Thursday, March 13, 2008

£25,000 biometric cashless system bought - based on "commonly perceived benefits"

At the end of January Sophie McKeand's child's school told parents they were "introducing a "cashless catering system", where children will pay for their school dinners using either a fingerprint identification system or a pin number". This is in Flintshire, Wales.

Sophie rightly objected "to have such important and sensitive biometric data being taken from children for a matter as trivial as buying lunch is absolutely absurd."

Since then Sophie has been busy finding out, via the Freedom of Information Act, just how much these systems cost (using our tax money), where the funding is coming from, who made the decision to implement such systems, etc. - interesting reading indeed.

Her Freedom of Information questions and answers, for Flintshire County Council, are on the "Biometrics in Schools" forum over on the NO2ID site.

Here are a few questions and answers:

3. What is the FULL, TOTAL AND FINAL cost of this system in Alun School?

A3.The full cost of the system in the Alun School is as follows:

PCS Systems £20,905.00
Software £ 1,062.32
Installation £ 1,162.50
Server £ 283.14
Printer etc. £ 574.00
Writing/Electrics £ 1,162.50

TOTAL £25,149.46 [this is cost for one school]

1. I wish to be provided with ALL cost / benefit analysis that have been completed concerning anything whatsoever to do with implementing these cashless systems in Flintshire schools. Not just for Mold Alun but for all schools in Flintshire as stated in the quote from the first letter from Alun School, above. This includes all equipment, maintenance and IT services.

A1. The Council holds no information regarding a cost/benefit analysis. [What?]
The commonly perceived benefits however, are that..... then follows some drivel about reducing bullying and enabling children to eat before afternoon registration, up take of free meals increased, blah, blah.

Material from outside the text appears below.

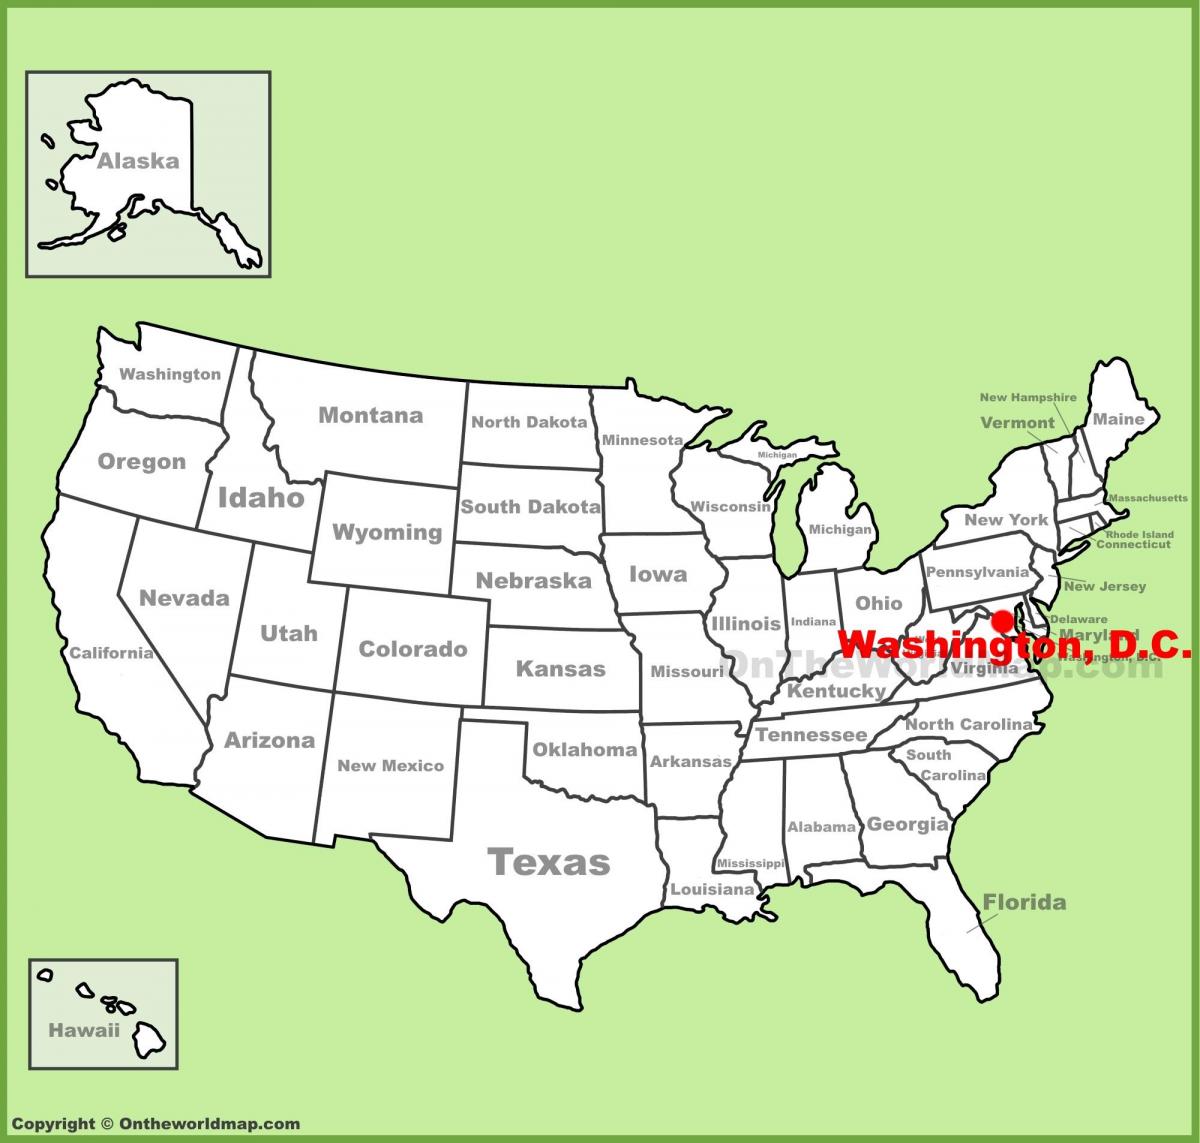 washington dc na mapi amerike
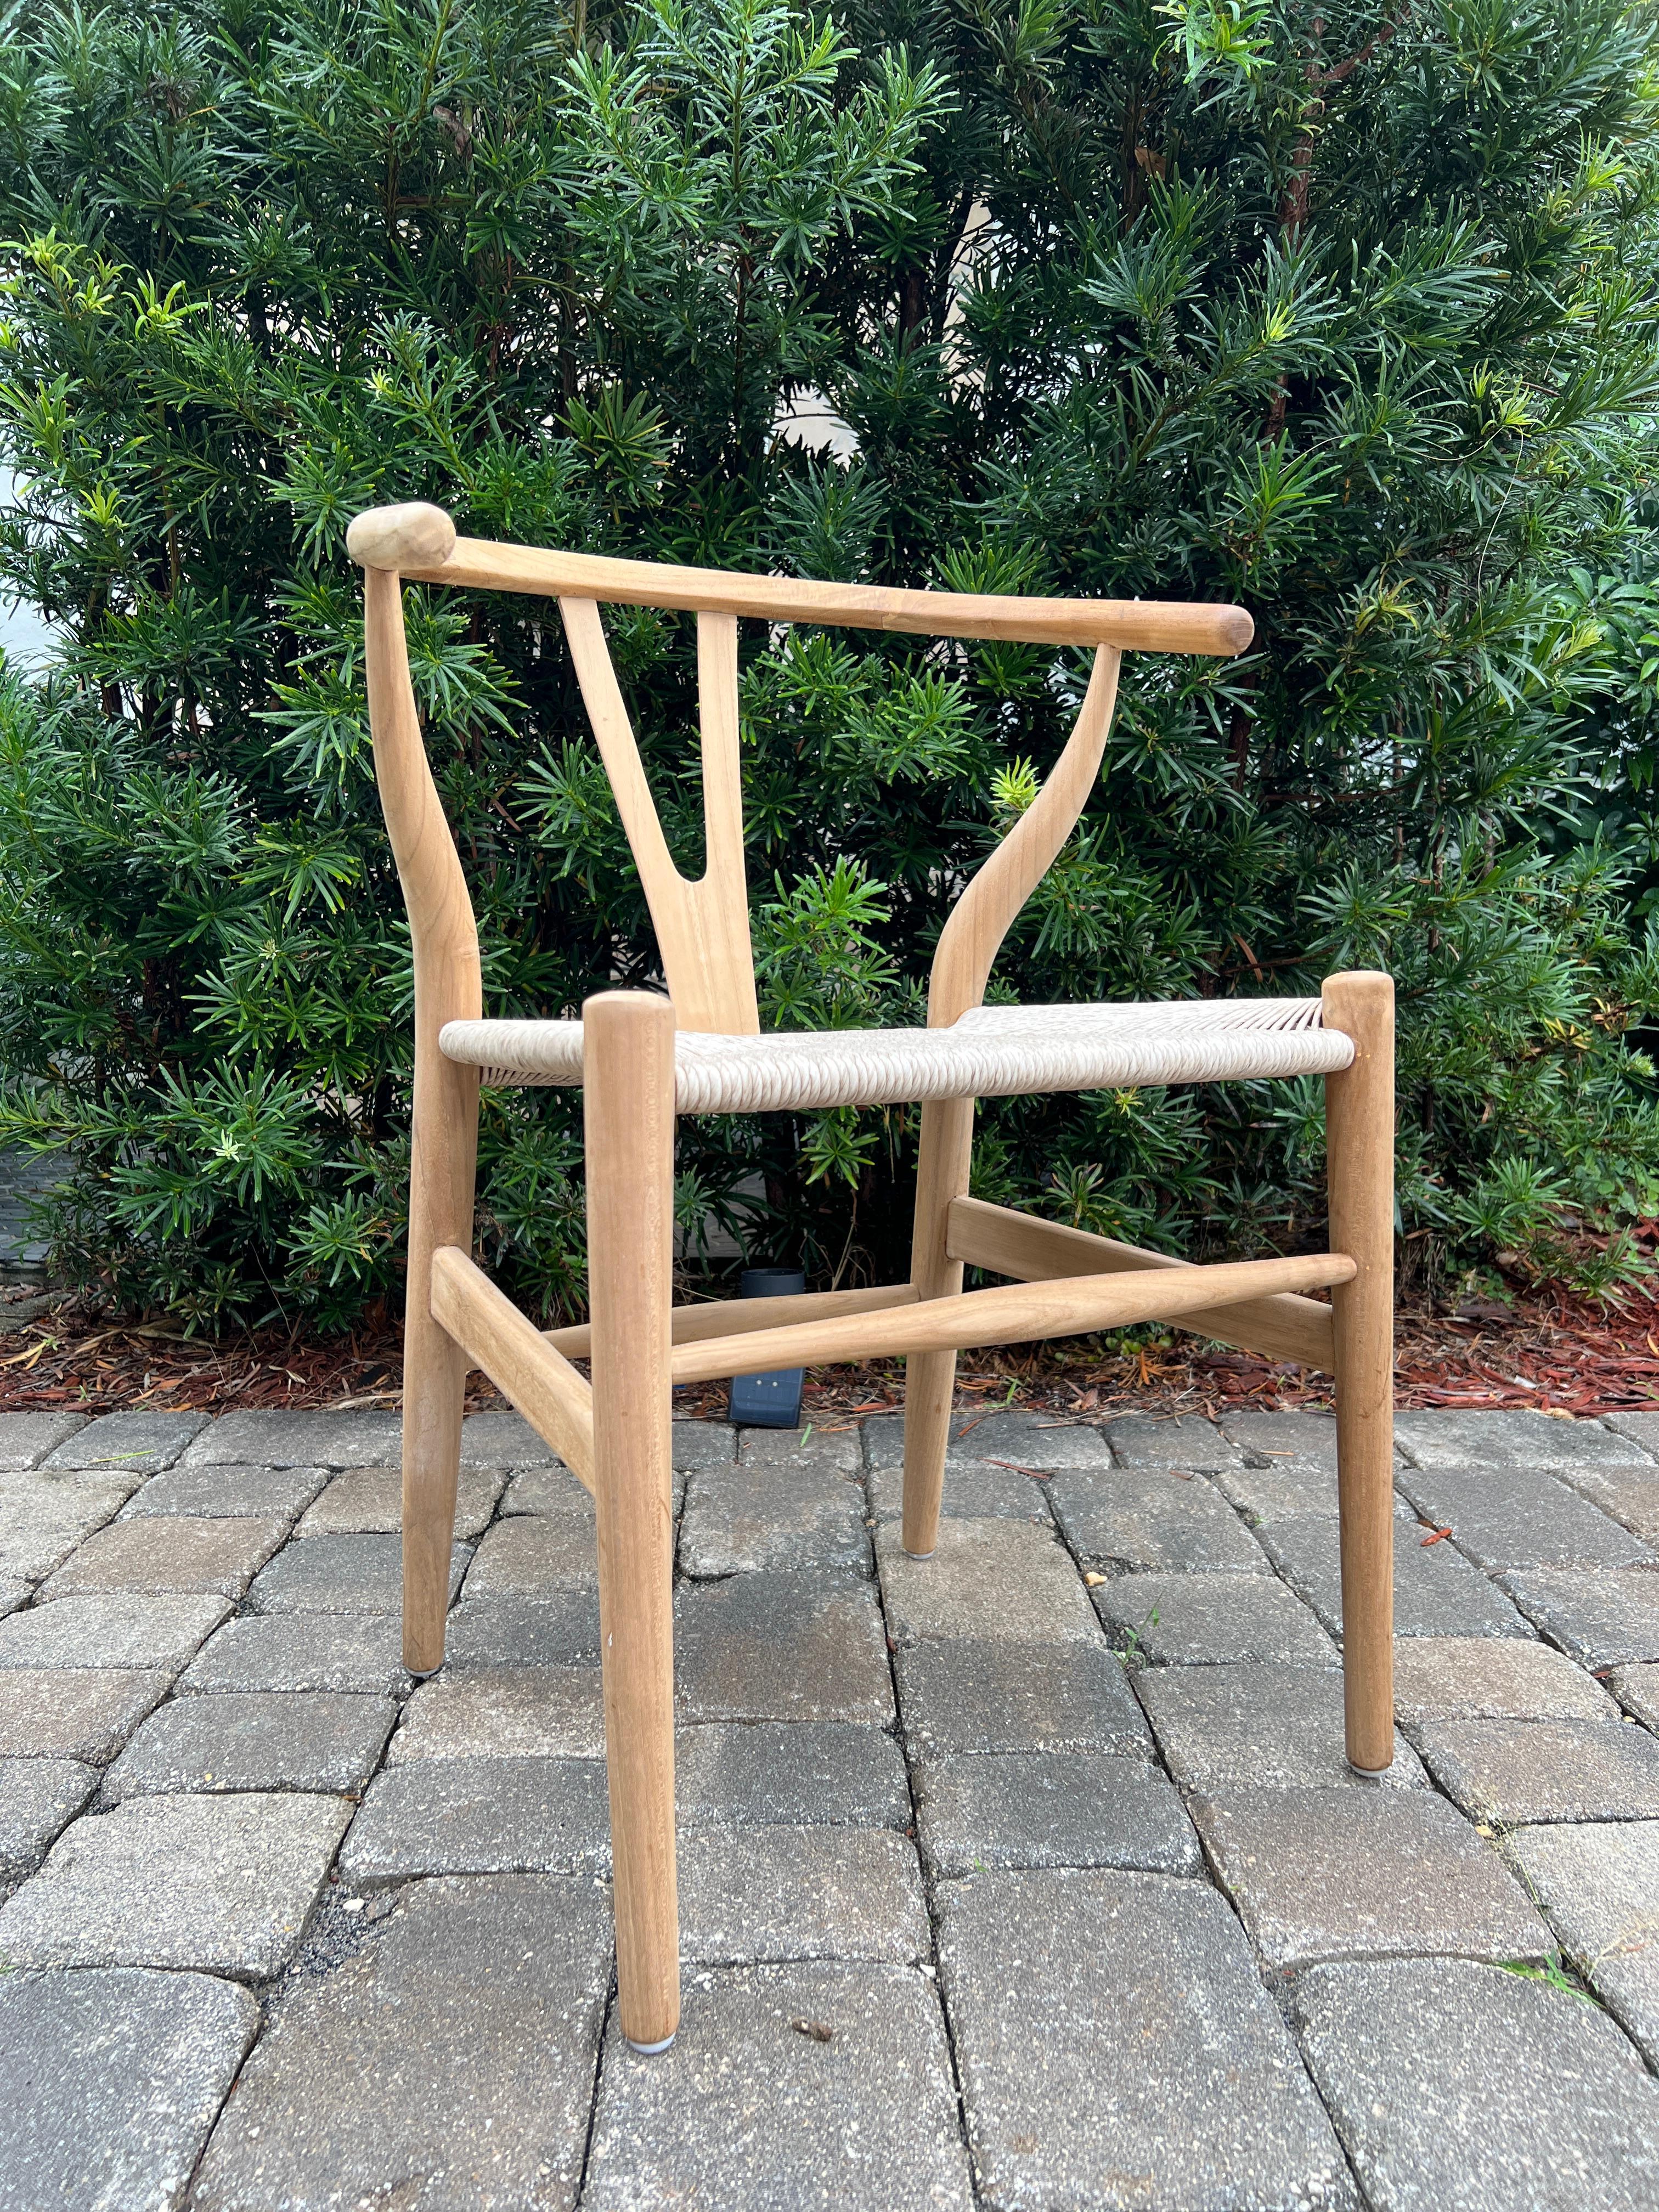 Dutch Mid-Century Modern Chair in Natural Teak Wood with Handwoven Seat, Denmark

So, lets get this right...

...the council spends 25K of our money on a biometric/pin cashless catering system purely based on "commonly perceived benefits" - with no cost/benefit analysis to justify such expenditure?

IMHO this sounds like jawdropping negligence.

Flintshire County Council sound like they've been sold a line. "Commonly perceived benefits" that are backed up with absolutely no academic or government literature, but I guess probably literature from sales persons.

It would seem that the implementation of the systems (that were originally proposed to be run throughout all Flintshire Schools, which would be around £250,000 of taxpayers money) has not been a completely open and transparent process, as reported today:

"Cllr Ray Dodd said he shared some of Miss McKeand's concerns. "I am surprised that this biometric system has been introduced in a school already without any consultation with elected councillors.

The education department said there has been extensive consultation, I have not been able to establish any consultation with county councillors,"

3 comments:

Nick, BBC Wales Web Team said...

Hi, an interesting site with lots of helpful links. Thanks. I'm blogging about this issue too

Pippa said...

Hi Nick, thanks for blogging about this and please use whatever you want from this site.

People are simply not aware these systems are used in schools, the £1000's spent of our money funding this and the lack of communication between schools and parents on using children's biometrics for non educational activities - so thanks for airing this.

Anonymous said...

You guys are drama queens, its the next logical step forward, you talk about the initial cost but truth is it is far cheaper to maintain long term ie no card printing, fraud etc. we are on the verge of entering into a cashless society, were you this stubborn when we got colour televisions??